■ **Records provided**
BEGIN

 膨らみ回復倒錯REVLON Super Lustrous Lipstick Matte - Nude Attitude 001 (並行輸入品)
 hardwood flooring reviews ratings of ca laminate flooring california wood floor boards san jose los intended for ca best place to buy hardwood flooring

END
BEGIN

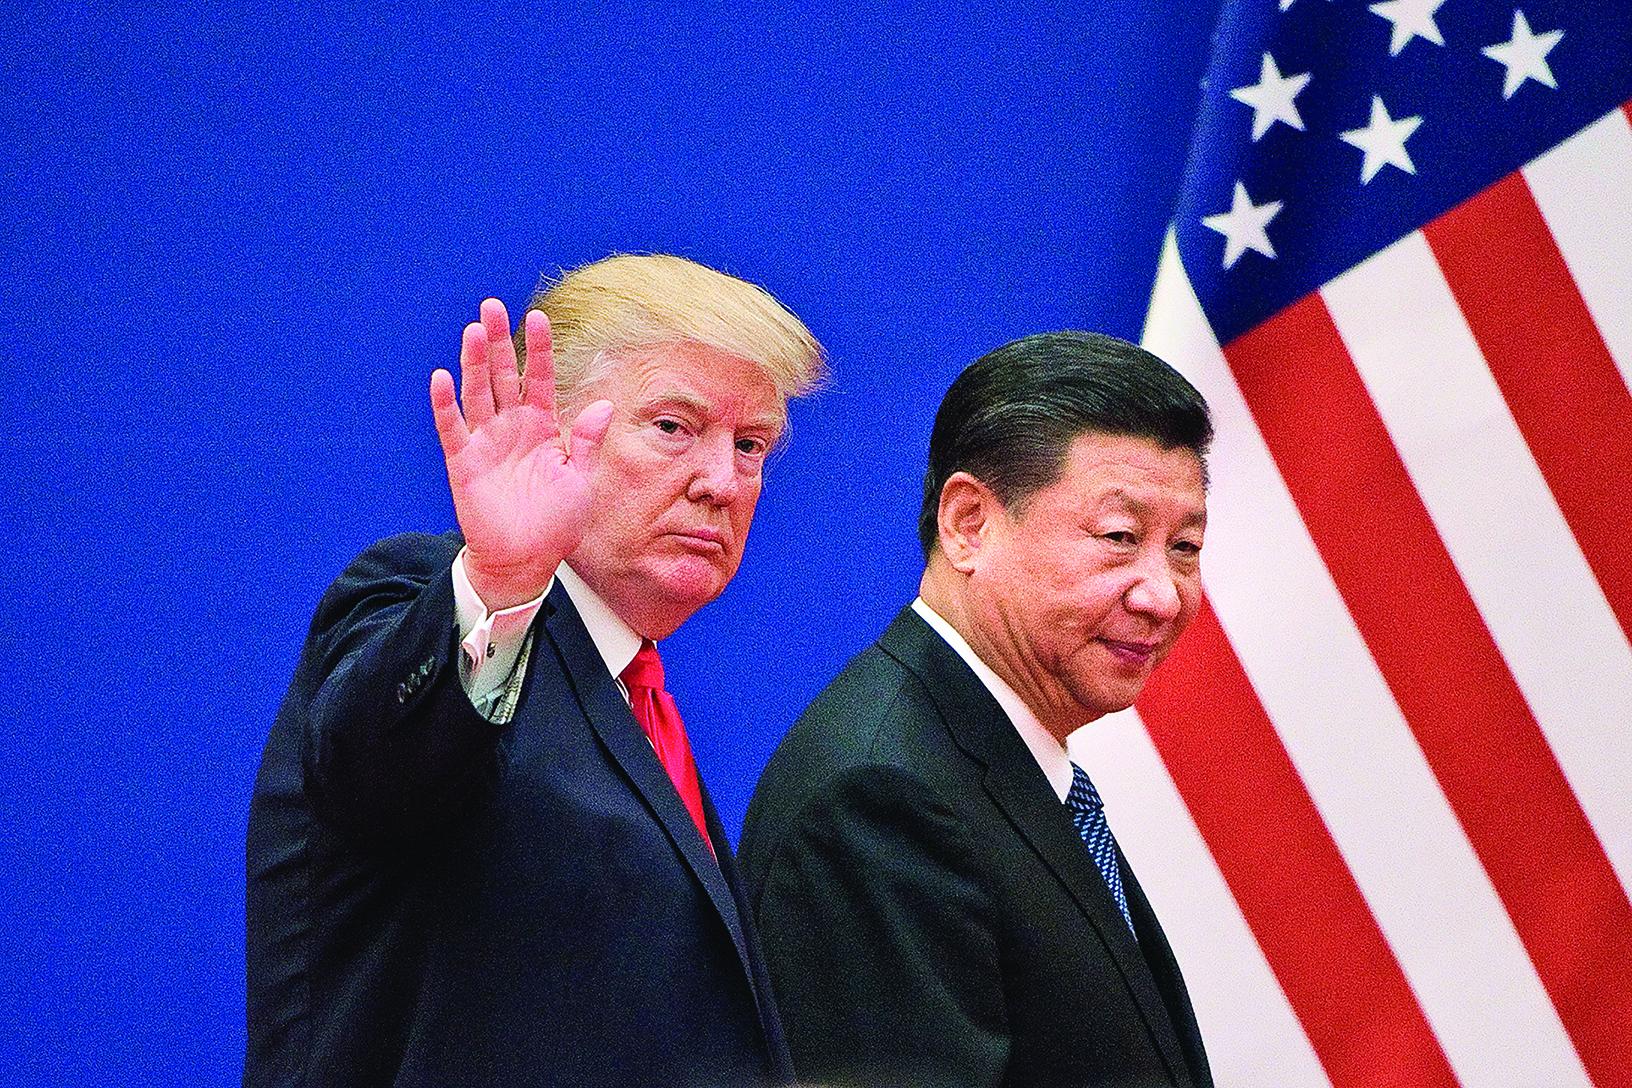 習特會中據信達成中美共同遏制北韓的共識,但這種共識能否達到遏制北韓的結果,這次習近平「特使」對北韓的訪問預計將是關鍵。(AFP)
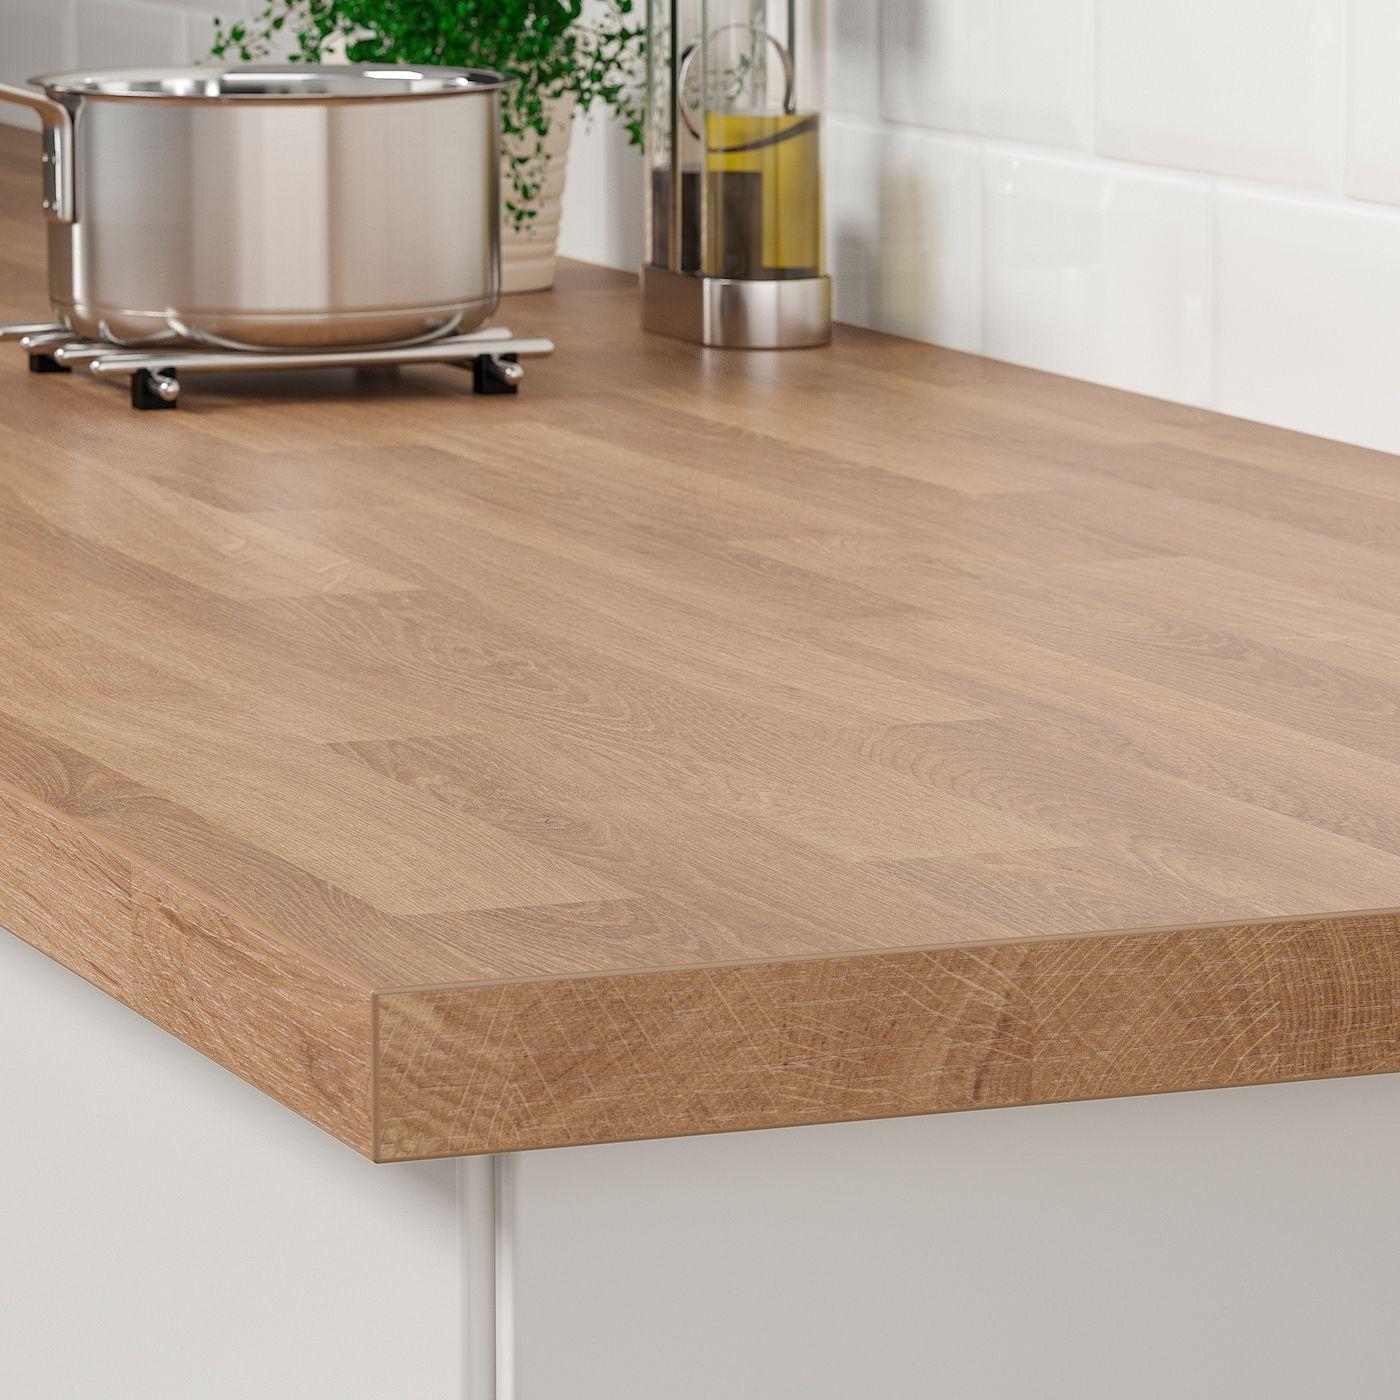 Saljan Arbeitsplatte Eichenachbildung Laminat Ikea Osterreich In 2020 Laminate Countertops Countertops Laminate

END

■ **Goal of the exercise**
After locating the line with "膨らみ回復倒錯REVLON Super Lustrous" above, return that line and every later line through the one with "hardwood flooring reviews", word for word and with nothing else.

■ **Solution for this problem**
 膨らみ回復倒錯REVLON Super Lustrous Lipstick Matte - Nude Attitude 001 (並行輸入品)
 hardwood flooring reviews ratings of ca laminate flooring california wood floor boards san jose los intended for ca best place to buy hardwood flooring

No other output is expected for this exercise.